After four days the doctors were baffled.
I was beyond frustrated and exhausted to the bone. Courtney was having difficulty adjusting to the anti-seizure meds. Not only that but she refused the breast. The enzyme test had come back negative and I was allowed to nurse again. But Court would have nothing to do with it. I guess it was for the best. My milk supply was dwindling rapidly due to the extreme stress.
One more loss. The last time my daughter nursed, turned into an absolute nightmare for both of us.
They had no answers for me. Every sentence ended with “We just don’t know why this is happening.”
Your freaking doctors for God’s sake. Figure it out dammit. It’s your job.
She still had seizures breaking through.
Jonathan wouldn’t leave my side and my husband was five states away dealing with a move on his own for the first time in his life. I prayed that he remembered to empty the fridge and trash cans before they sealed them or we would have a nasty gift on our hands in another week. There were so many details he would not even begin to think about. That was my job and I was 320 miles away. We still had to find a rental in Maryland before the moving truck arrived. It was all too much.
I was lost. God and I were not speaking. I could physically feel his disappointment in me. I was so pissed He would take it out on my daughter. My guilt and pride were like a wall of iron around my heart. I couldn’t hear Him at all.
On day five I reached my breaking point. I felt nothing. I was numb. NO tears were left. My heart felt like the Sahara…empty and desolate.
They discharged us that Friday with follow-up appointments in neurology the next week. We had no answers. ALL the tests came back normal.

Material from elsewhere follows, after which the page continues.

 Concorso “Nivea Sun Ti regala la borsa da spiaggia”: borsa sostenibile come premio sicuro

Normal?? No one understood that. We had the senior staff working with us. The best the Navy had to offer.
I went home with my Mom and Dad terrified that I would not be able to take care of Courtney. You had to watch her 24/7 so she didn’t aspirate (where she would swallow her own saliva while she couldn’t protect her airway sending it straight to her lungs) during a seizure. That could lead to pneumonia which could take her life. One more thing to worry about.
Jerry arrived the next day and we lucked out and found an apartment in Gaithersburg. We had four days before the moving truck arrived. The next several weeks flew by as we unpacked, went to doctor’s appointment after doctor’s appointment where they ran more and more tests.

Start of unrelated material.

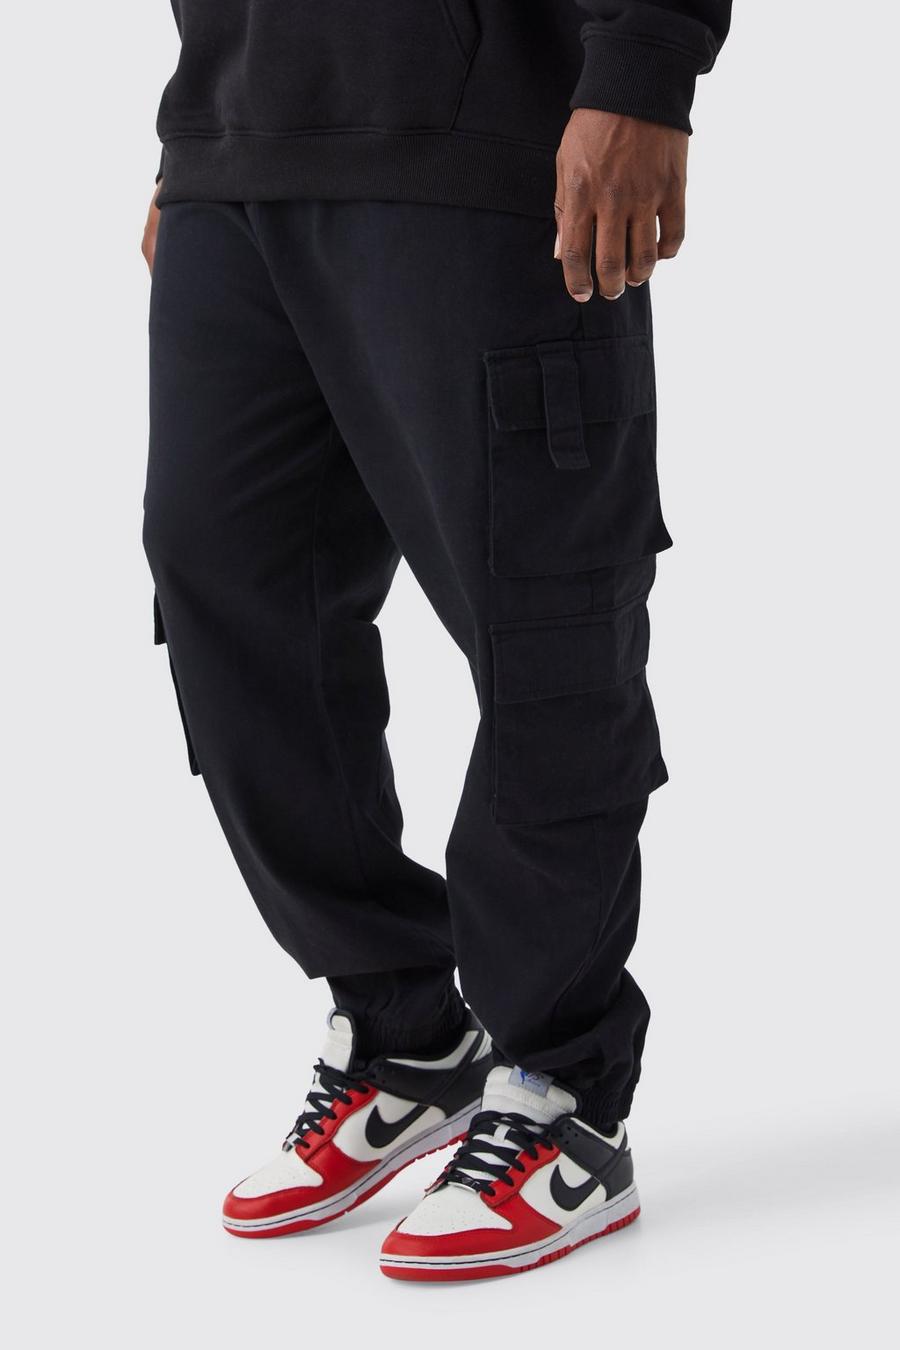 Pantaloni tuta Plus Size Slim Fit con tasche Cargo e vita elasticizzata, Black

Courtney began growing like a weed. She had gotten her appetite back with a regular routine. She ate well and seemed to be adjusting fairly well to the new meds, becoming more alert as time went by. However the seizures didn’t stop and they were terrifying to watch. She would sleep for hours afterward.
This was our “new normal” and there was nothing normal about it.
Friends called and sent cards and flowers. My family stepped in and helped with basic chores around the apartment. The more people that helped the more alone I felt. I couldn’t take care of my own family anymore.
This was not what I signed up for, not at all. I was getting angrier by the day.
What had I done to deserve this?
I shook my head. All the guilt rising up…I knew the answer.
Be mad at me God…Court didn’t do anything. Leave her the hell alone.